- **Exercise**
Every line from the one holding "Protector de casco" through the one holding "REBECCA MINKOFF Gracie" in the data below must be returned exactly, both ends included, with pictures left out and nothing else added.

- **Data supplied**
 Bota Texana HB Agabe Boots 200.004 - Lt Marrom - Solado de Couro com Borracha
==
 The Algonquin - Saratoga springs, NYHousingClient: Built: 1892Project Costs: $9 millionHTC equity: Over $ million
---
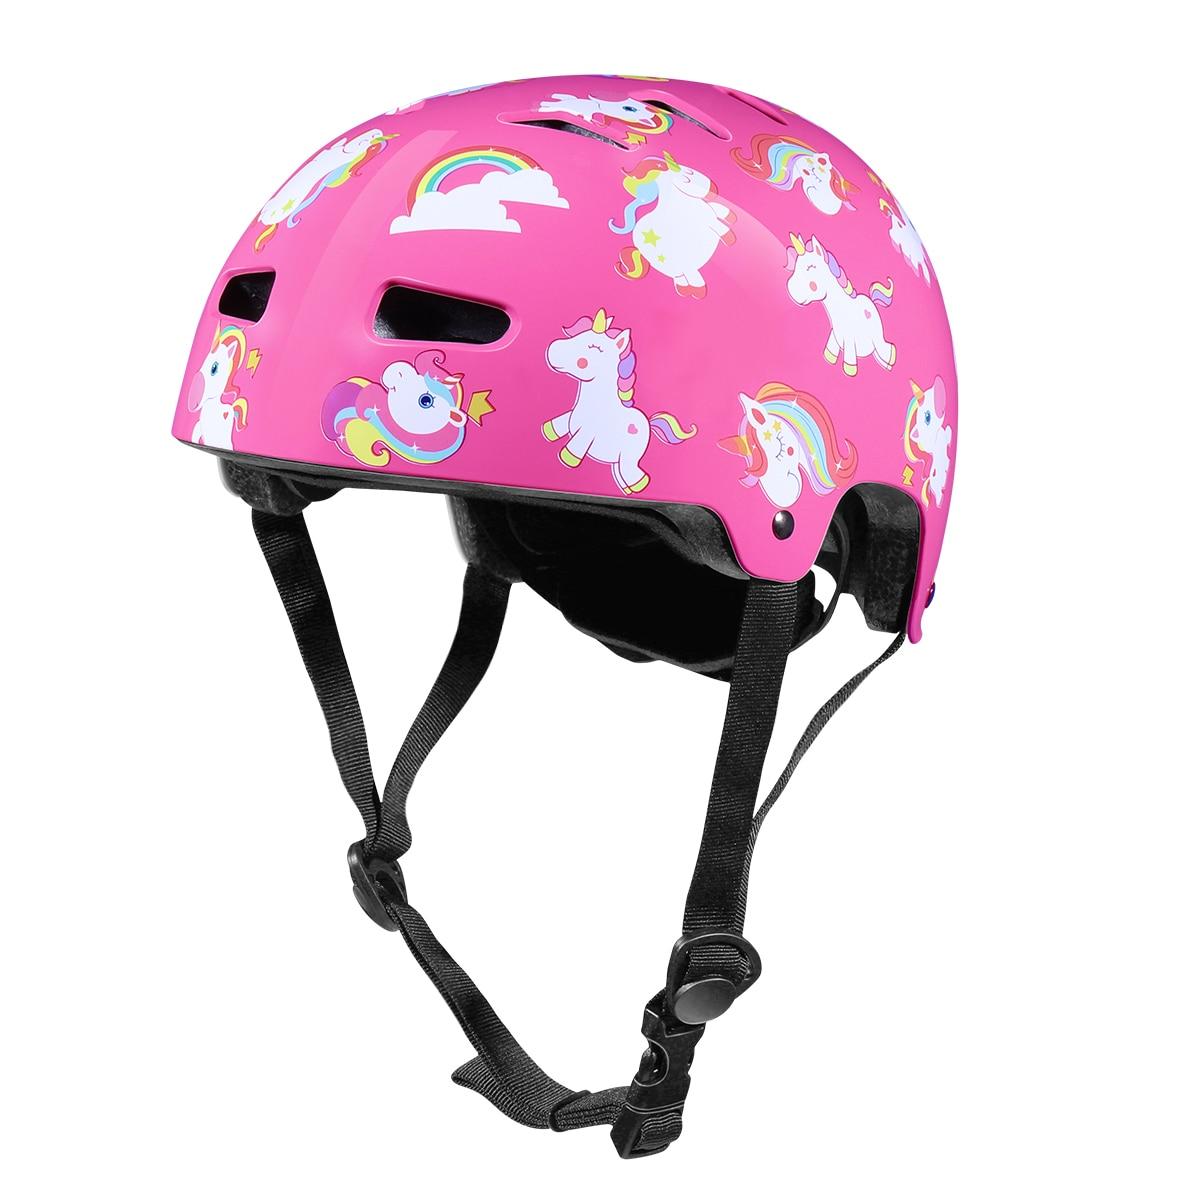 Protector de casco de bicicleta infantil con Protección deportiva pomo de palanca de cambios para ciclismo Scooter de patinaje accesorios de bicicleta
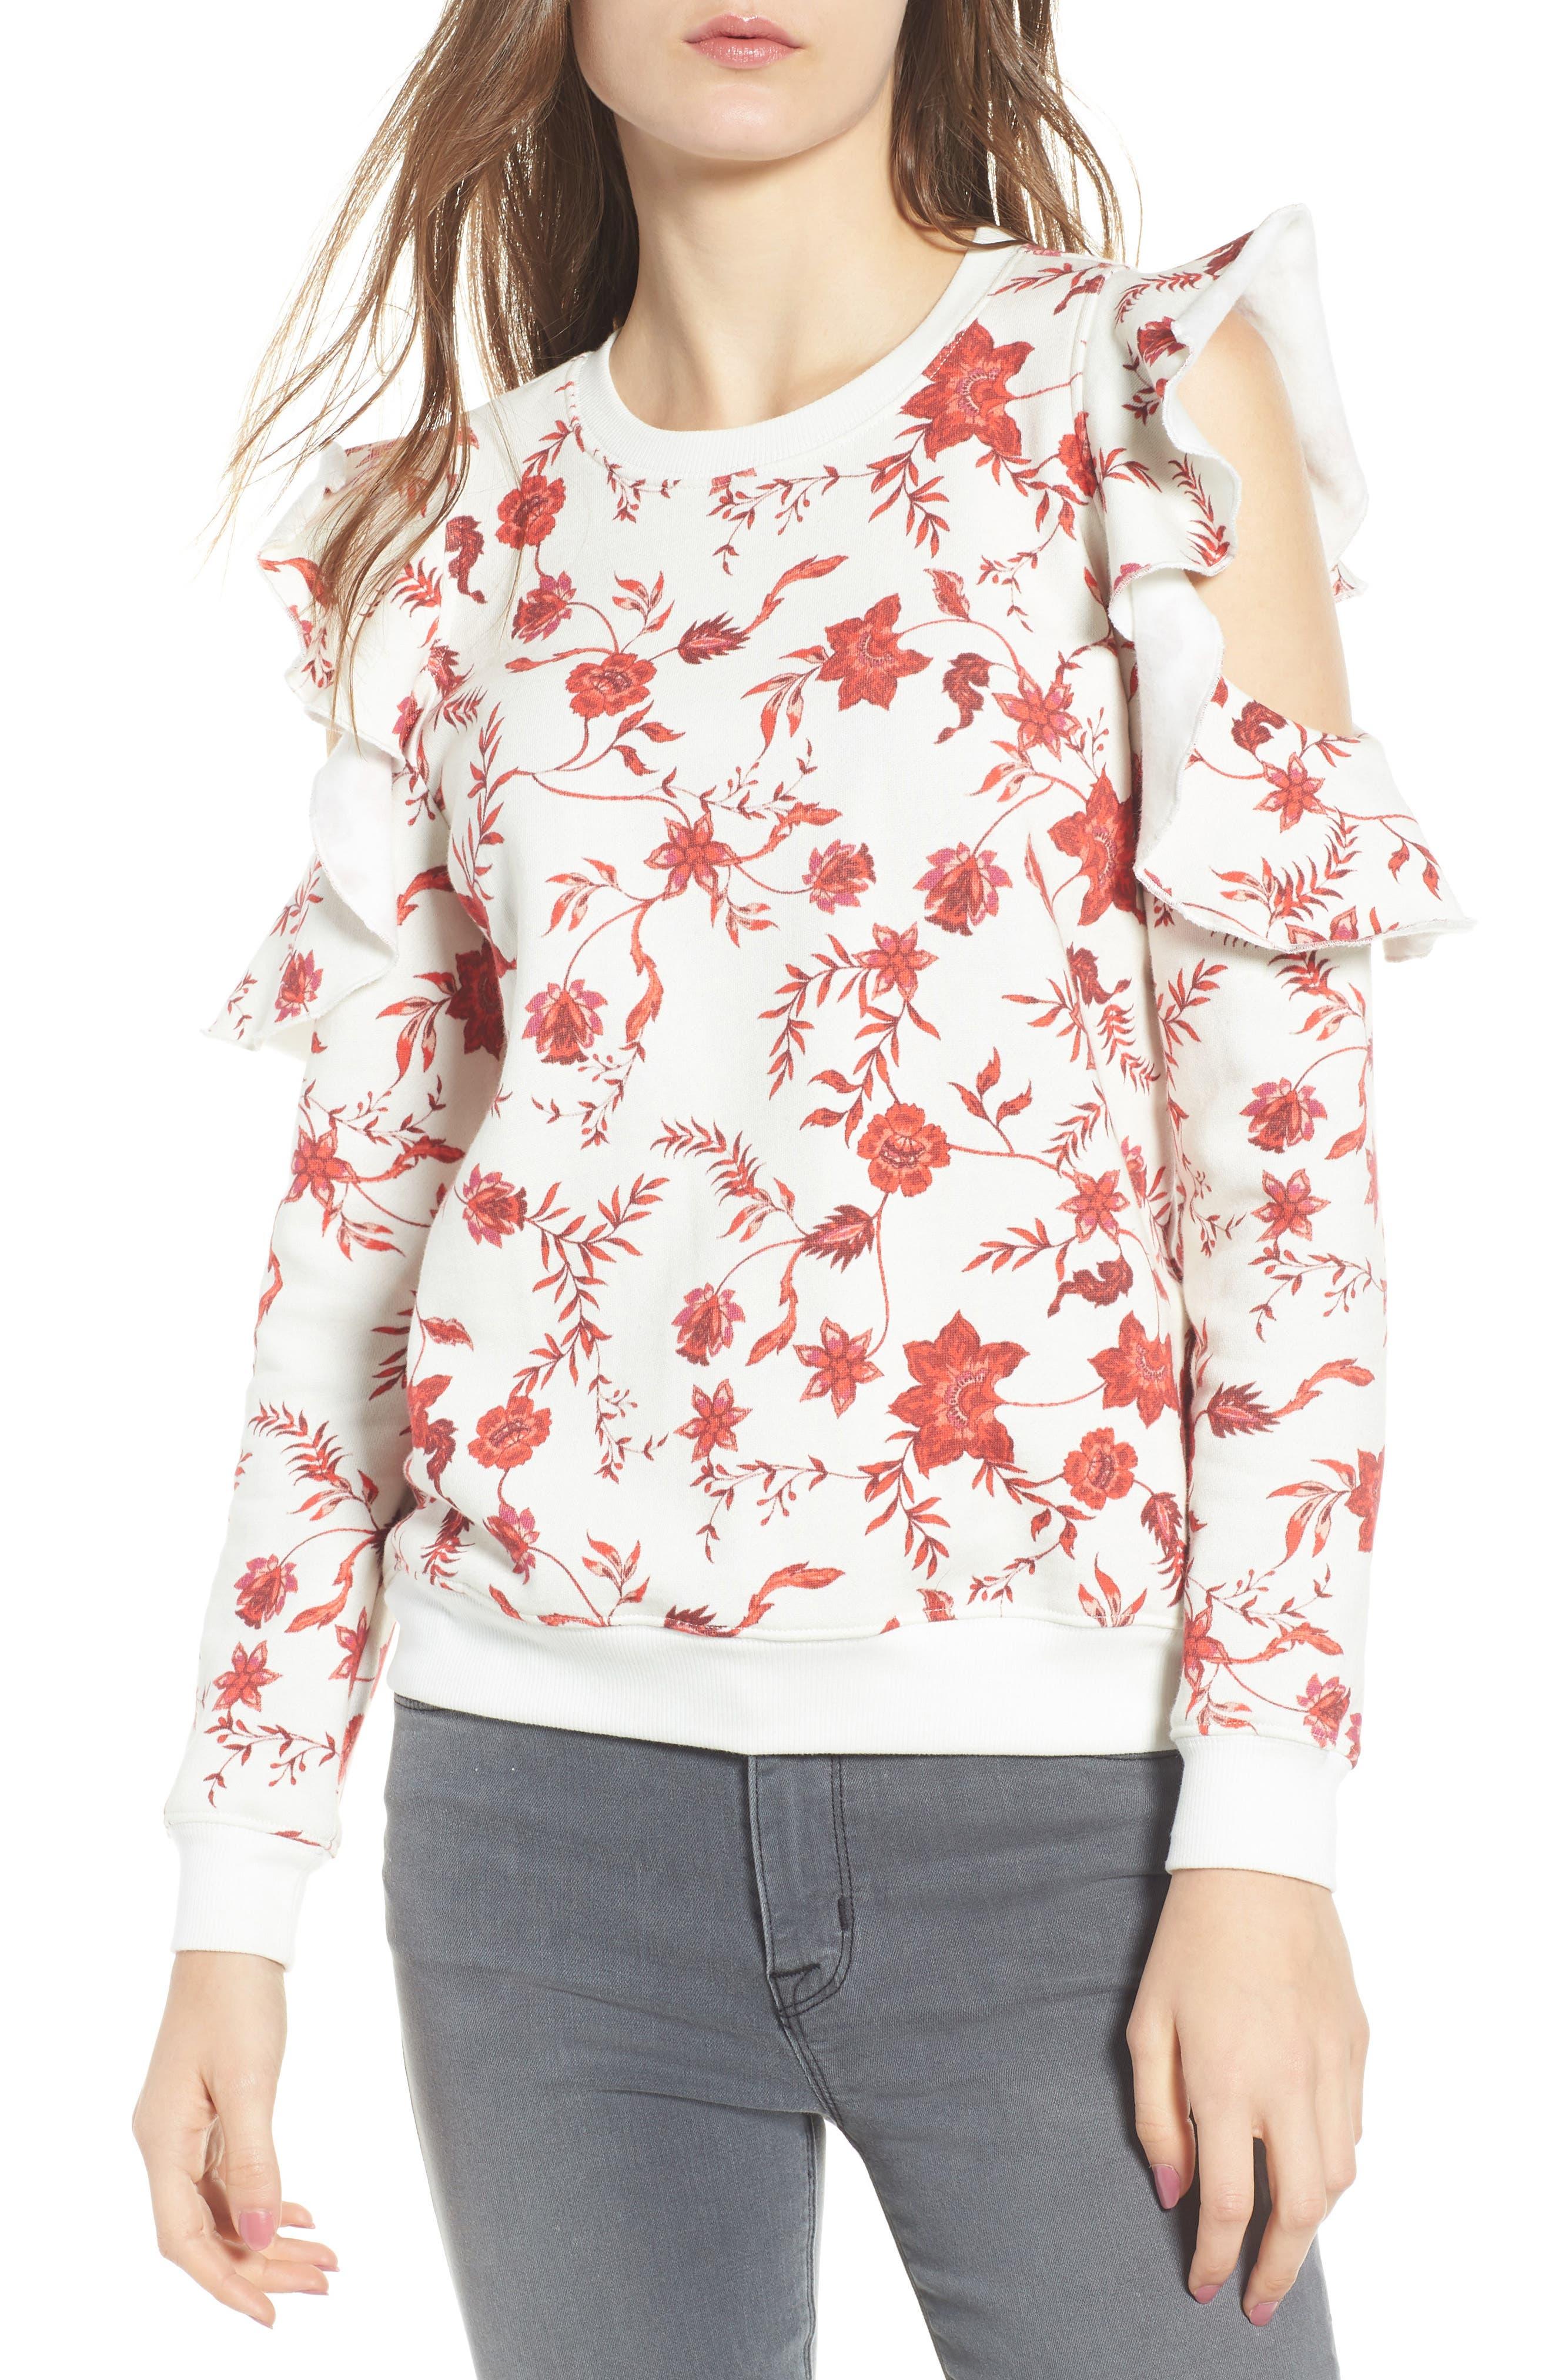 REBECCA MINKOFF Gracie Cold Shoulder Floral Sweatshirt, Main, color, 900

- **Your solution**
 Protector de casco de bicicleta infantil con Protección deportiva pomo de palanca de cambios para ciclismo Scooter de patinaje accesorios de bicicleta
 REBECCA MINKOFF Gracie Cold Shoulder Floral Sweatshirt, Main, color, 900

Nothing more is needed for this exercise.